In 1996, a year after we went public, Rohinton suddenly passed away. Knowing that the market would be very concerned about succession, the Board within two days appointed our Executive Director as Managing Director and me as the Executive Chairperson. I had joined the company in 1985 and for five years preceding 1996, was heading the HR function.

As I struggled to deal with my husband’s death, I felt scared to assume this huge business responsibility for which I was not prepared. I kept telling myself that I had been selected because the family owned 62% of the company shares, and was troubled by feelings of self-doubt and inadequacy.

My second year in my new role was a few weeks old when, following my husband’s death, my twenty-five-year old son died in a car accident. It was a tough time and I found it difficult to cope with the inner turmoil. It did not help that this phase coincided with a downturn in the Indian economy, with our company’s performance deteriorating and share prices plummeting.

As I struggled with the turmoil, I realized I had a choice – either to feel helpless and wallow in self-pity, allowing my sense of inadequacy to grow, or to hold myself together and take charge of my life.

Vipassana, the Buddhist meditation, helped me to discover my inner strength and centeredness. On a retreat, ten days of solitude helped me to be in touch with my own self, gaining comfort and strength. I realized that all of us have to learn to deal with “loss” – loss of innocence, loss due to divorce, loss of dear ones etc.

It helped me to come to terms with what had happened. The meditation, which I have been practising ever since, also taught me that unless we tap the personal power which is within each of us, we cannot lead from positional power – the power that comes from our office and title.

Before the organisation could make radical changes, I had to change my own mindset. I had to clear mental cobwebs and confusions and move out of my comfort zone. It involved the objective evaluation of all our businesses and moving away from our attachment and sentimentality to businesses and people.

I realized that there were many things not going right for Thermax. The company had diversified into several unrelated, non-core areas and that was fragmenting our attention and resources. In the mistaken belief that Thermax would lose its employee oriented culture, we did not develop proper systems and processes.

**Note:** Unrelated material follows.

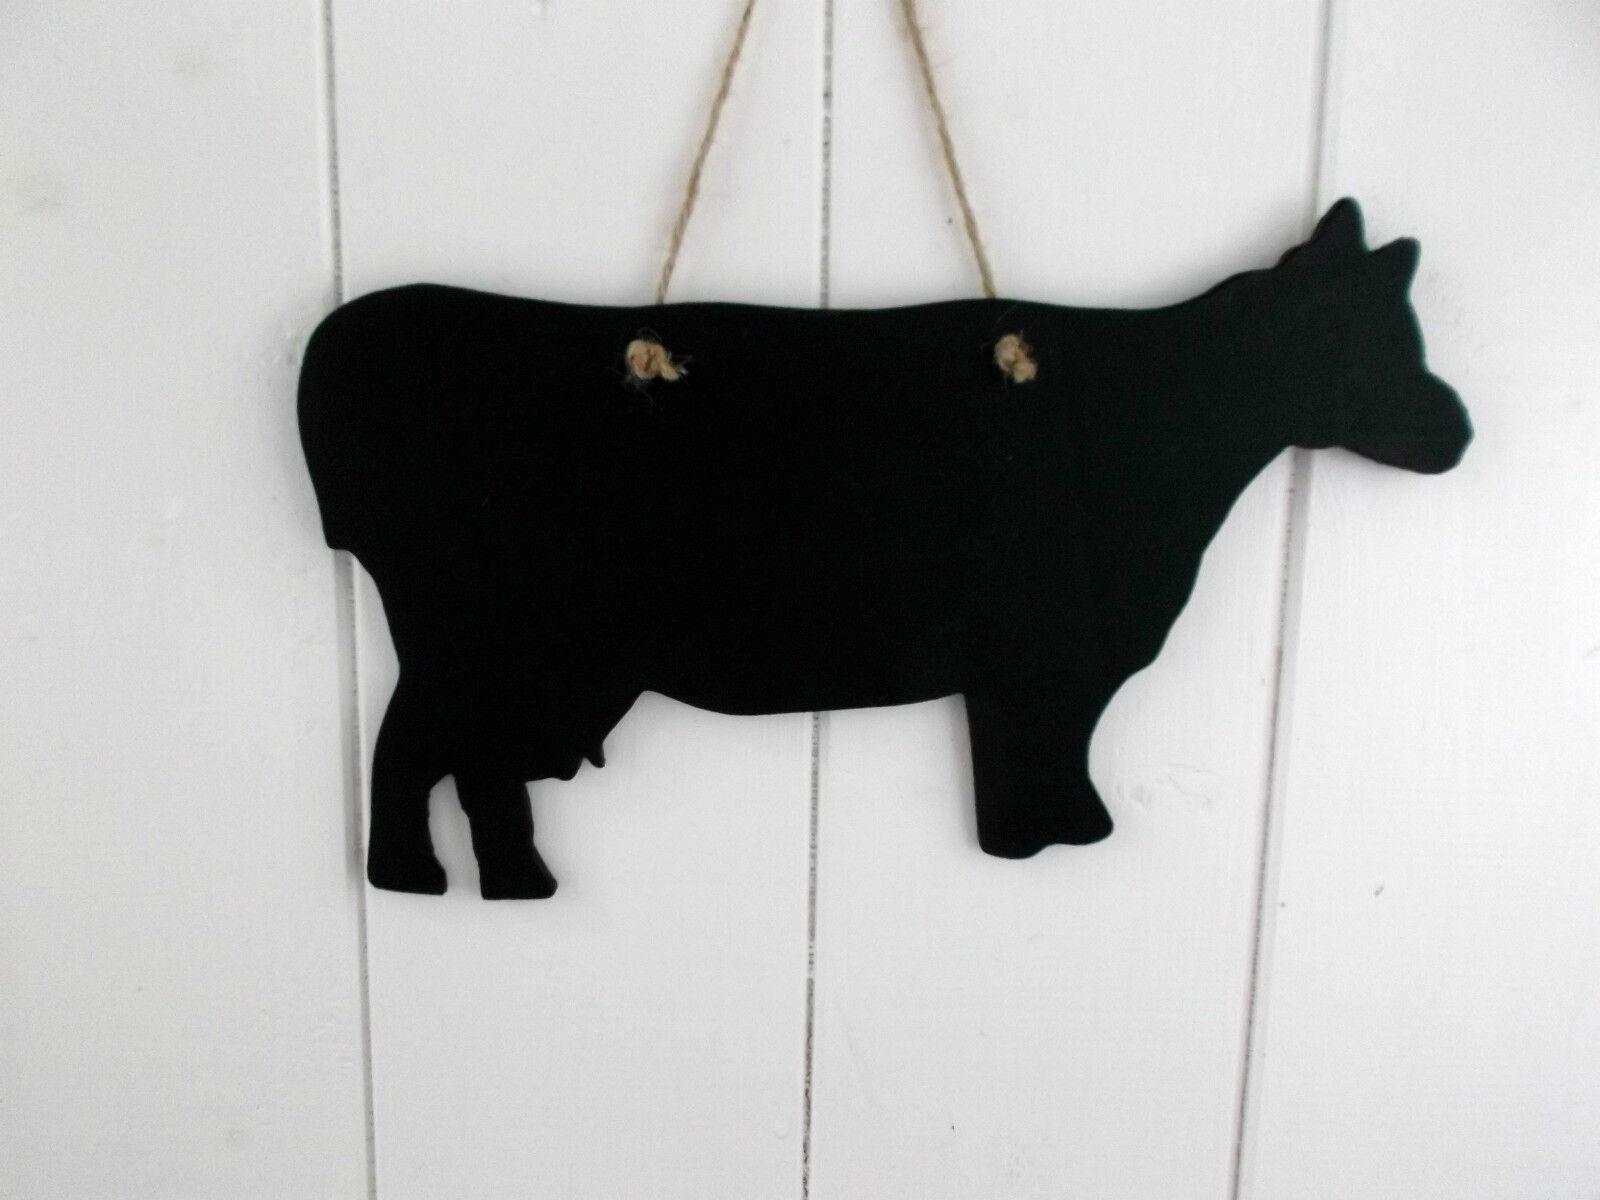 dairy cow shape chalkboard blackboard christmas shop sign farm

We had got used to what Sumantra Ghoshal termed as “satisfactory underperformance.” I gave up my Executive position so that there was better clarity of authority, responsibility and accountability between the positions of the Chairperson and the Managing Director

It would take some more time and an operational loss for me to arrive at hard decisions to go for change at Thermax. But by then, the detachment that I gained in that difficult second year helped me realize that we were out of depth and needed external help. Contrary to what my colleagues in Thermax thought, I was convinced that we need to ask for help. We brought in a consultant and set in motion a series of changes.

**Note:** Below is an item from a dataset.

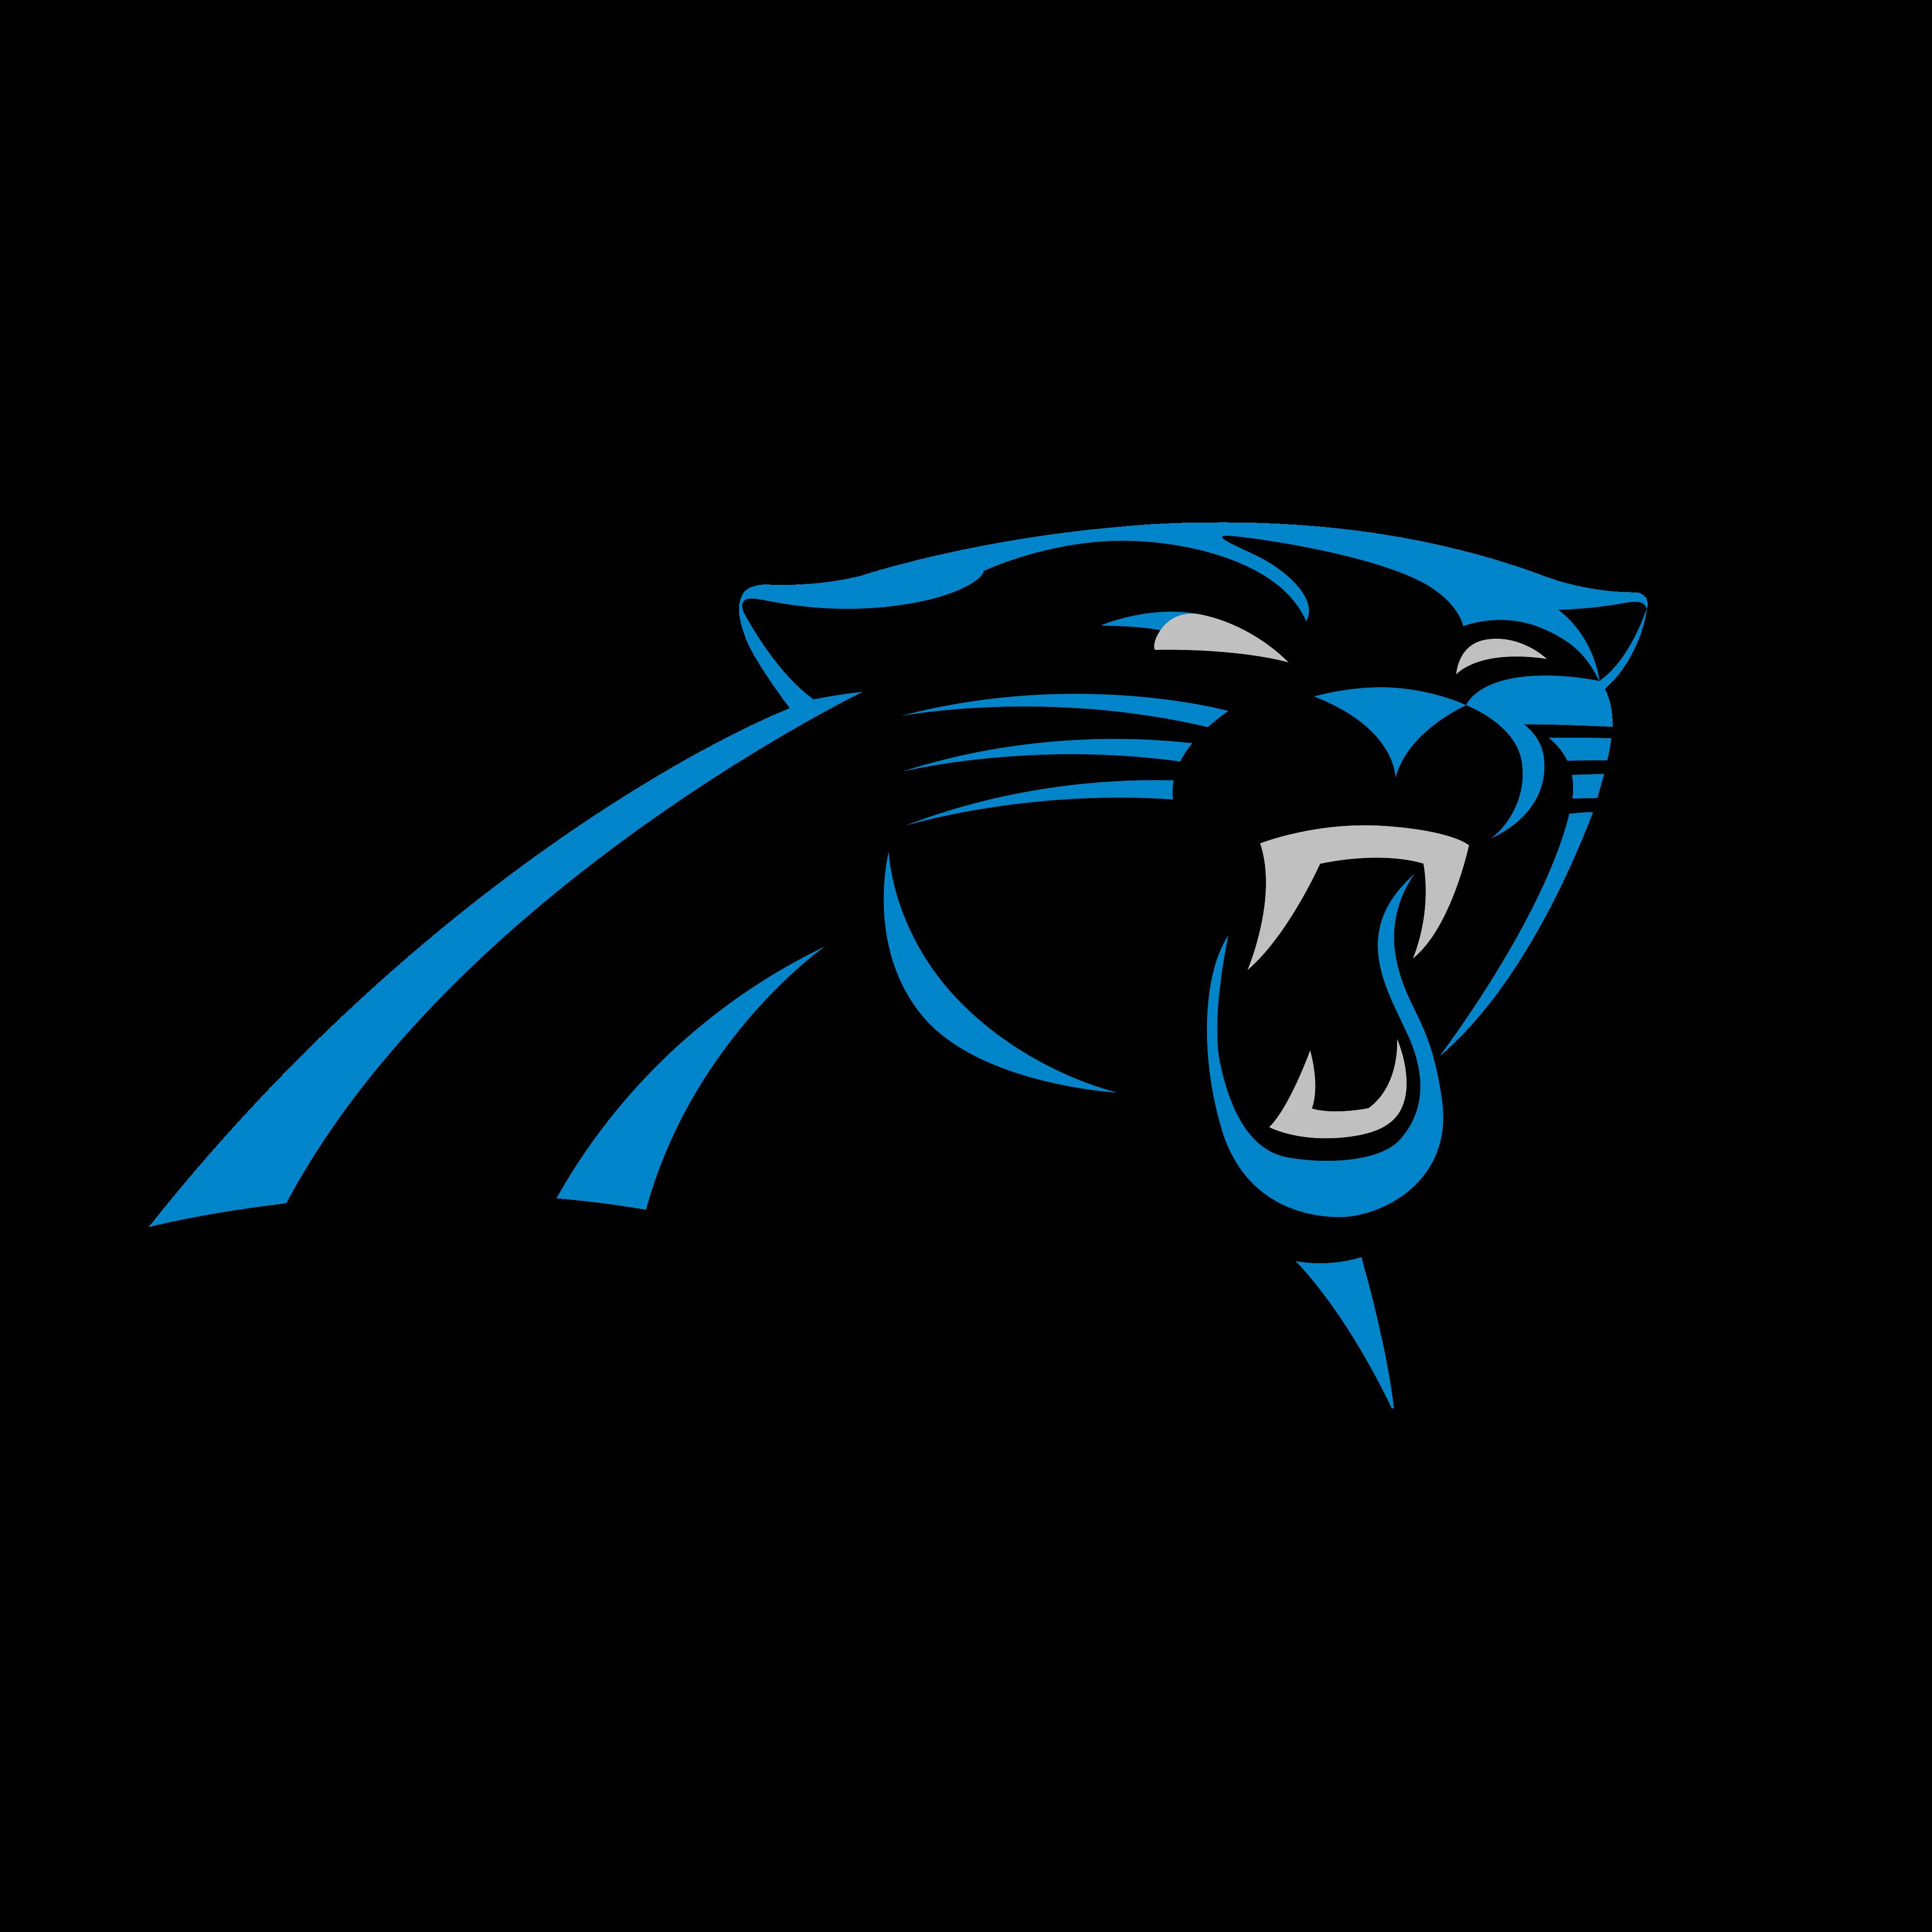 carolina panthers logo 0 - Carolina Panthers Logo

We restructured our board, clearly differentiating the role of promoters, independent directors and professional management. We exited non-core businesses and decided to stick to the energy-environment space. Tougher and more painful was the challenge of asking some of our employees to leave, as we divested from some businesses and restructured others.

Eventually Thermax would turn around, thanks to the dedication of our senior team and the efforts of our employees, and grow to its present stature –a billion dollar company with global operations.

In 2004 October, I decided to step down and the Board appointed my daughter Meher, who is a Chemical Engineer, as Chairperson. Having gone through the trauma of taking charge of the company overnight, I was determined to ensure a planned and smooth succession.

The Thermax turnaround experience also led me to the most satisfying phase of my life which I am experiencing right now. Realizing that it is not enough for an organization to be profitable alone and that business cannot succeed in a society that fails, I decided to devote my life to the cause of education.

Through the Thermax Social Initiative Foundation, today I am committed to the work of making quality education available to the poorer section of our people. In the sense that I was trained for social work, my life has now come full circle."